O que chamava a atenção desses autores para o pensamento de Mariátegui eram algumas inovações conceituais que o afastariam da “ortodoxia” da Internacional Comunista, e uma análise original da formação histórica peruana, grande parte presente nos “Siete ensayos” (Mariátegui, 2011).3 3 Sete ensaios de interpretação da realidade peruana, título do livro mais divulgado de Mariátegui. Ver Mariátegui (2011, 1975).
O que Mariátegui trazia de diferente e original era o papel das comunidades indígenas na revolução socialista no Peru, a inversão da lógica progressivista da conquista espanhola no Peru e o papel do mito para a revolução peruana, além de seu estilo pouco programático e mais ensaístico.
Para diversos autores, um trecho de um dos textos de Mariátegui sintetizava a percepção que se tinha da sua obra: “Não queremos que o socialismo seja na América decalque e cópia, mas criação heroica” (Mariátegui, 1986, p. 249).4 4 No original: “No queremos, ciertamente, que el socialismo sea en América calco y copia. Debe ser creación heroica. Tenemos que dar vida, con nuestra propia realidad, en nuestro propio lenguaje, al socialismo indo-americano. He aquí una misión digna de una generación nueva” (Mariátegui, 1986, p. 249). E, sobre o que seria essa criação, socialistas, comunistas e até apristas têm debatido em centenas de páginas na América Latina e no mundo.
O que Mariátegui passava a simbolizar nos debates da esquerda latino-americana era a crítica ao espelhismo (reprodução acrítica e mecânica) do marxismo produzido em outras experiências sociais, particularmente europeias e soviéticas, sem uma análise do que teríamos de particular. Essa reprodução automática de fórmulas explicaria grande parte das derrotas da esquerda latino-americana em construir um caminho socialista no continente, ou, ao menos, explicava a dificuldade em fundir o socialismo às tradições radicais do movimento popular.
Esses debates acerca da particularidade da revolução na América Latina estavam diretamente relacionados aos ecos da Revolução Cubana na esquerda.
O debate foi interrompido pelos efeitos da queda do Muro de Berlin e a fragmentação da URSS, que trouxeram novas preocupações para os estudos acadêmicos, distanciando o marxismo e o movimento comunista das preocupações historiográficas da década de 1990.
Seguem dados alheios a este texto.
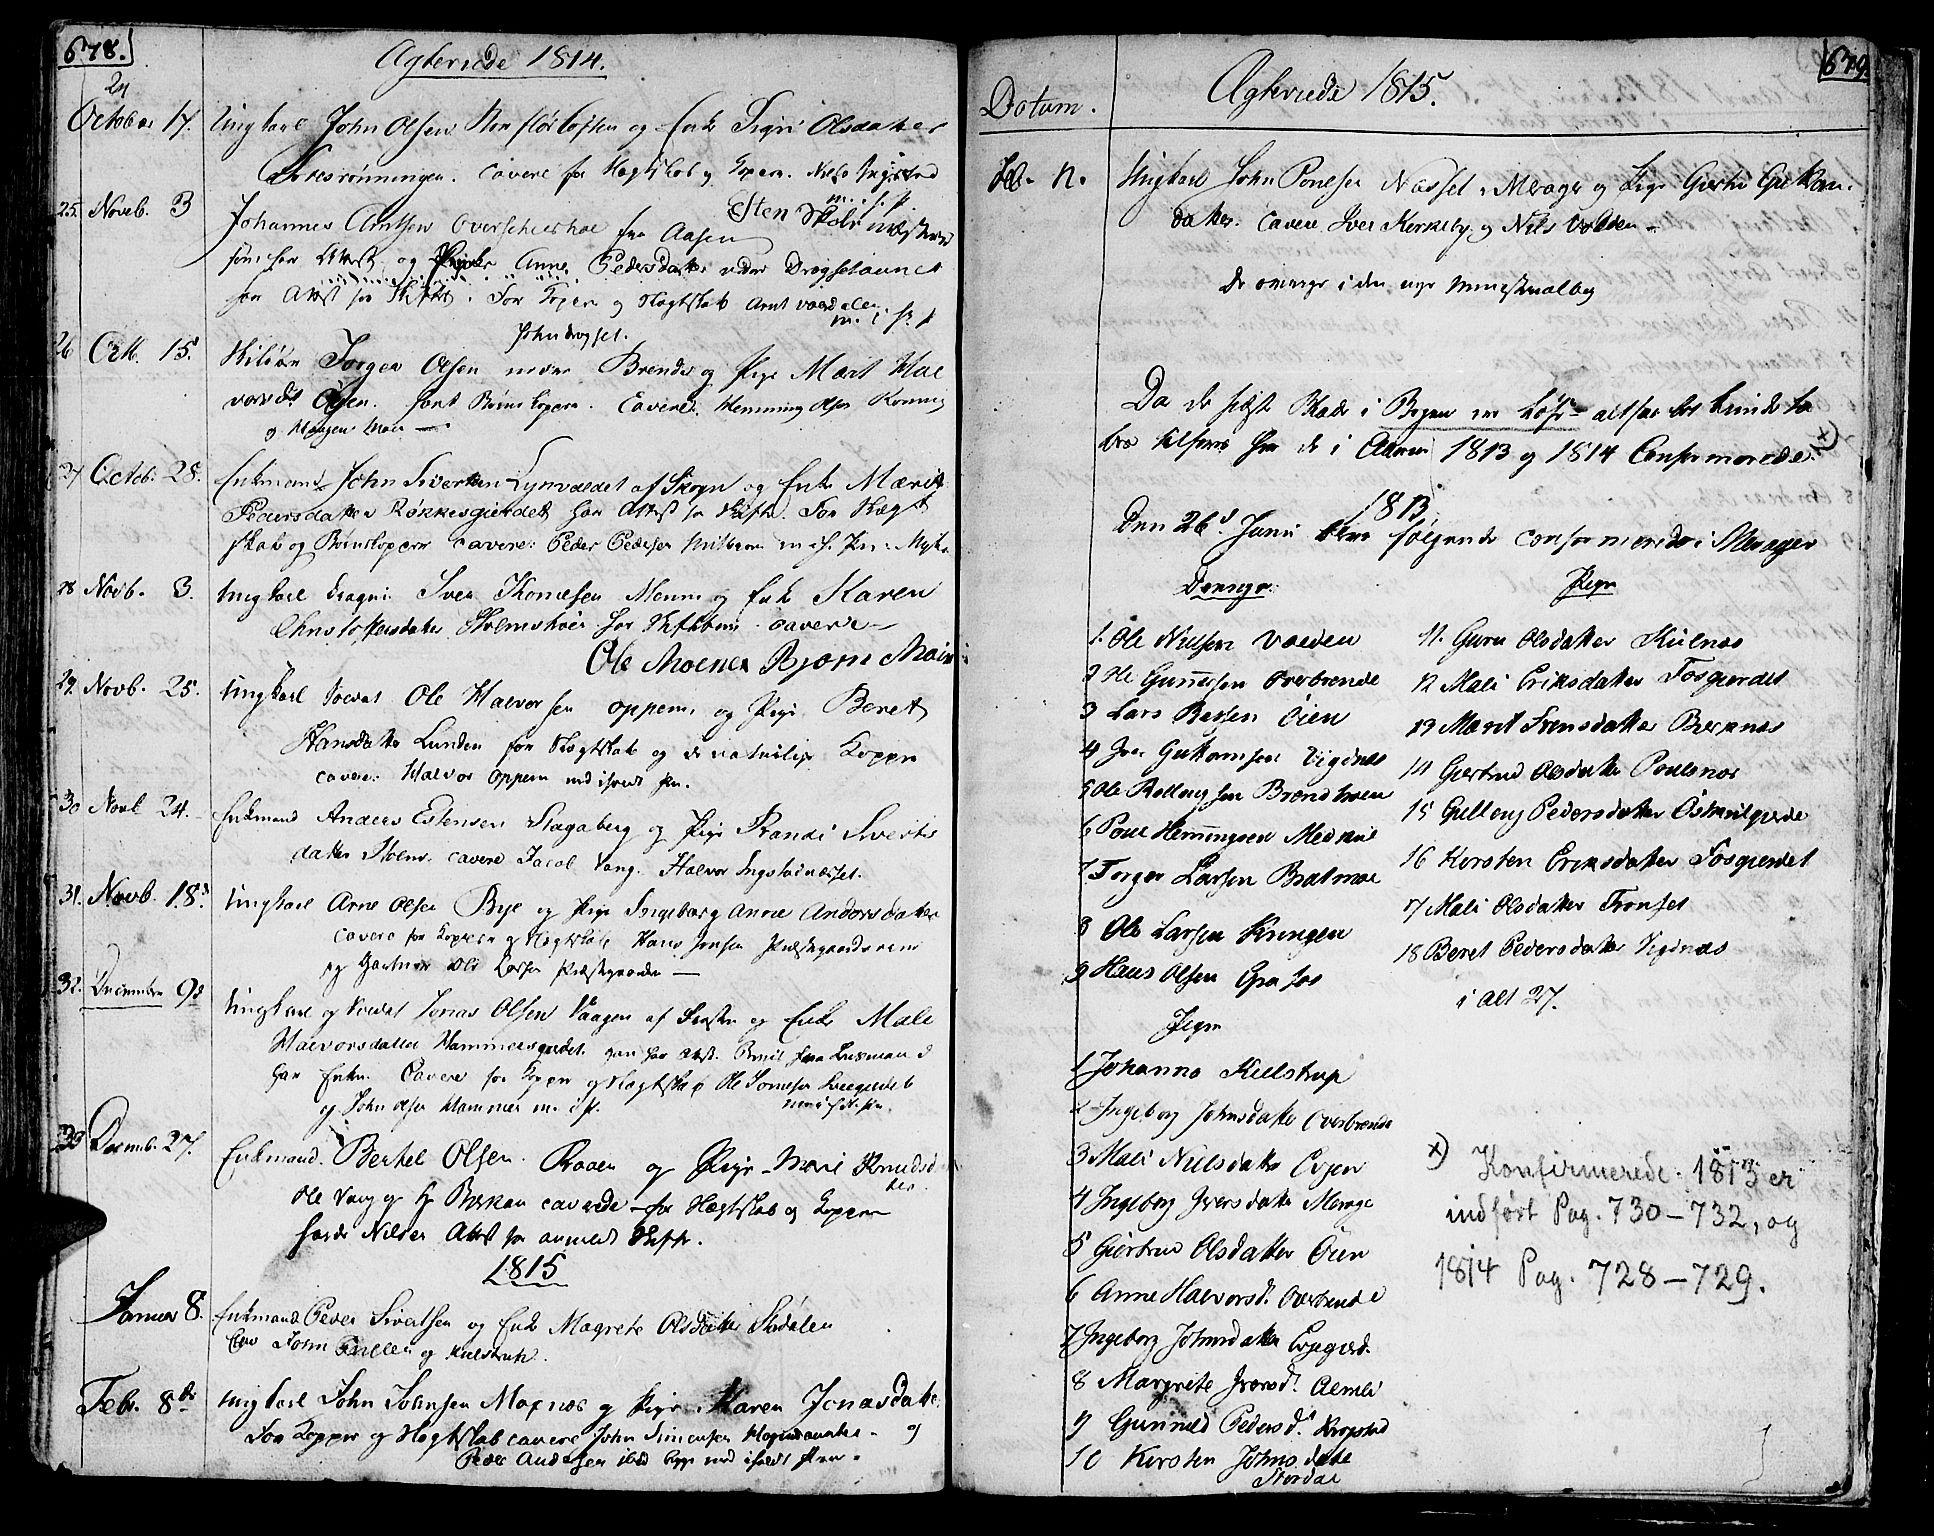 SAT, Ministerialprotokoller, klokkerbøker og fødselsregistre - Nord-Trøndelag, 709/L0060: Ministerialbok nr. 709A07, 1797-1815, s. 678-679

Foi apenas depois das consequências negativas das políticas denominadas “neoliberais”, a partir do início do século XXI, e a vitória eleitoral de governos que reivindicavam, ao menos em discurso, um projeto de esquerda, como Hugo Chávez, Evo Morales,5 5 O ex-vice-presidente da Bolívia, Álvaro García Linera, é um dos autores latino-americanos que resgatam a obra de José Carlos Mariátegui como um marxismo alternativo e indigenista. Um artigo que trata do assunto é García Linera (2008). o casal Kirchner e o governo do Partido dos Trabalhadores (PT) no Brasil, que Mariátegui voltou a aparecer como o centro das preocupações de alguns estudiosos do movimento popular latino-americano, especialmente quando se tratava da questão indígena (tema importante para os países andinos) e das particularidades do continente latino-americano no marxismo.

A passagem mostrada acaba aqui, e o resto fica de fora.